Beginning with the line that holds "Tudiant Fille Garçon" in the data below, give again every line through the one that holds "Nikkormat FTN SLR 35mm camera", exactly as written.

**DATASET EXCERPTS:**
=== Begin Enclosure ===
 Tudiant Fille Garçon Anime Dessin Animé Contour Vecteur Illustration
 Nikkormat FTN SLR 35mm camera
=== End Enclosure ===
=== Begin Enclosure ===
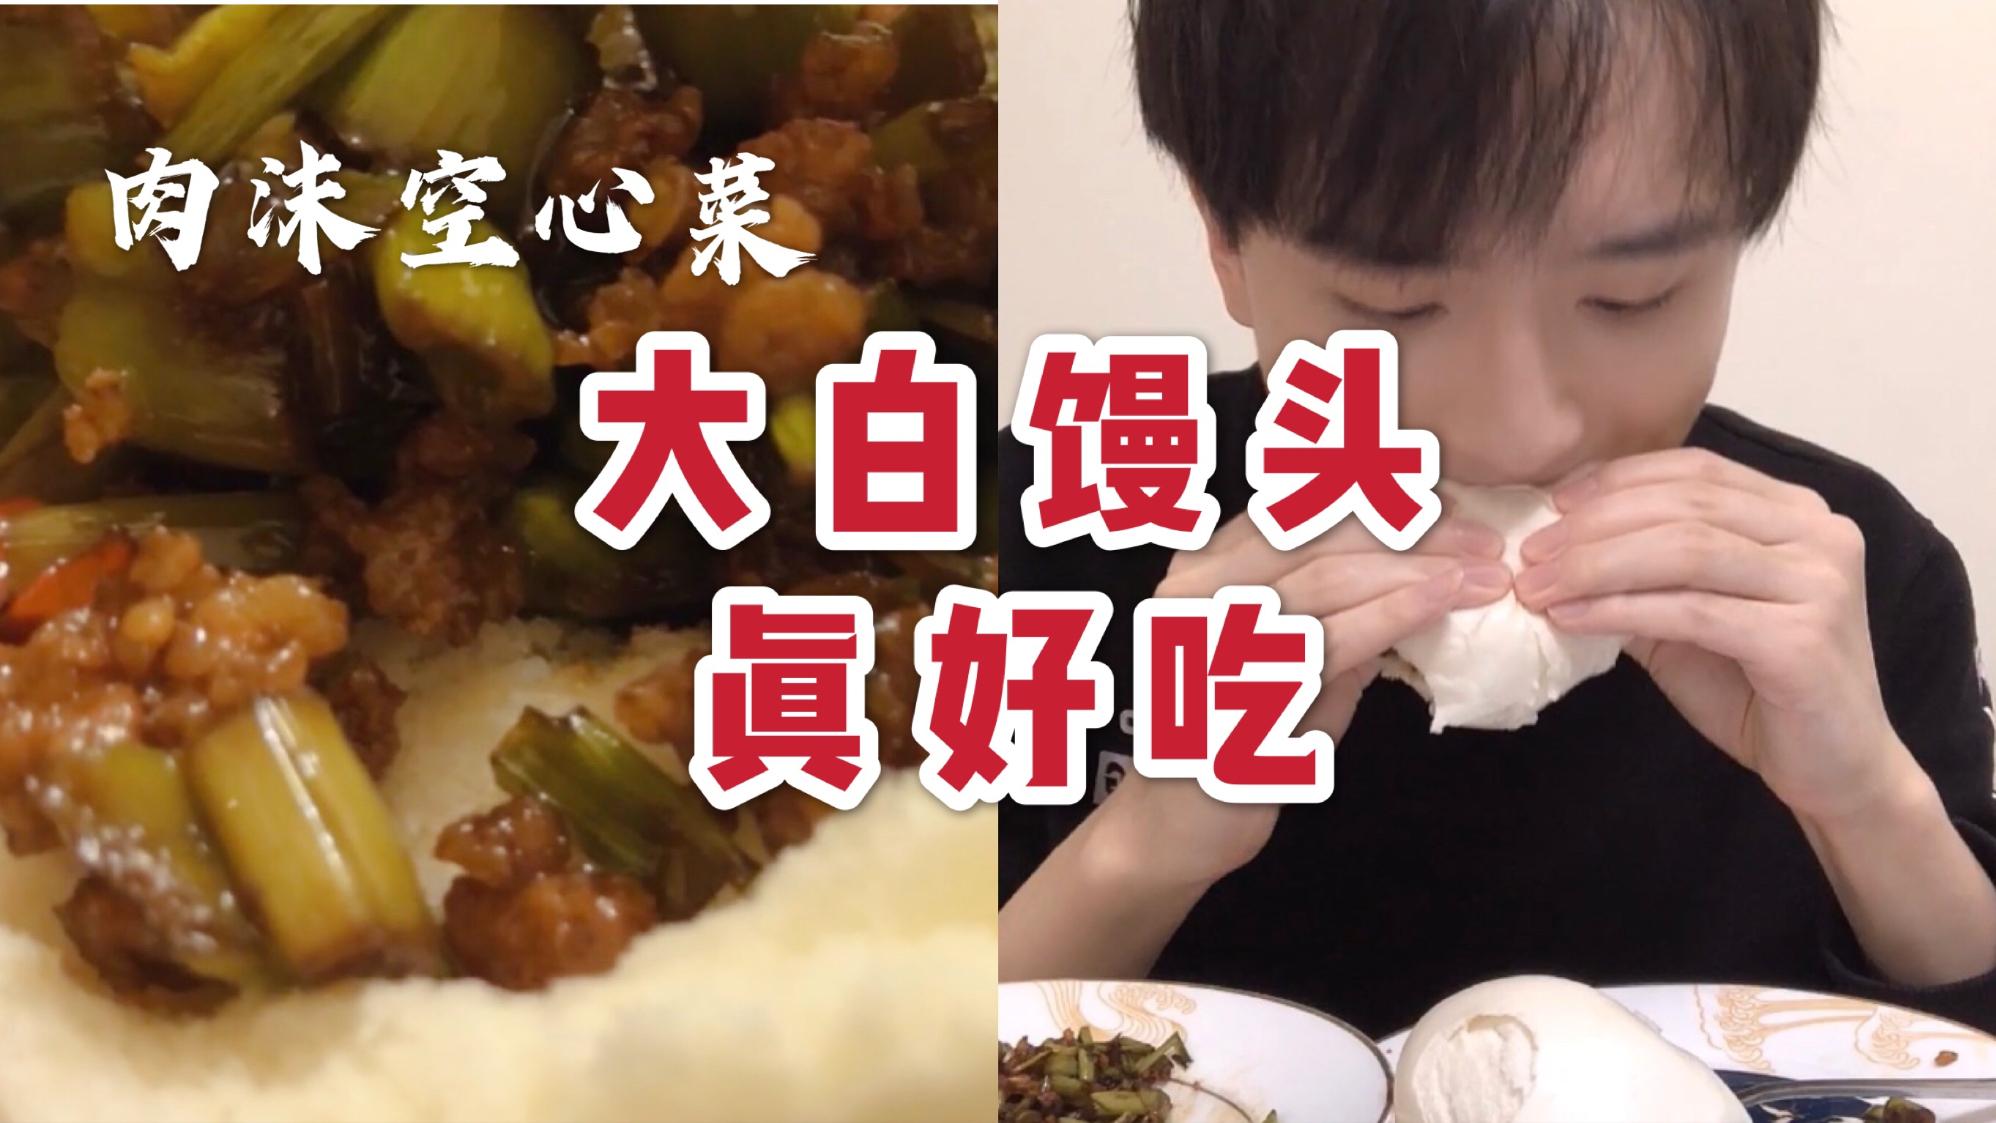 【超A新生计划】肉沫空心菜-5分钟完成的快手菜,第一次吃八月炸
=== End Enclosure ===
**RESPONSE TO THIS TASK:**
 Tudiant Fille Garçon Anime Dessin Animé Contour Vecteur Illustration
 Nikkormat FTN SLR 35mm camera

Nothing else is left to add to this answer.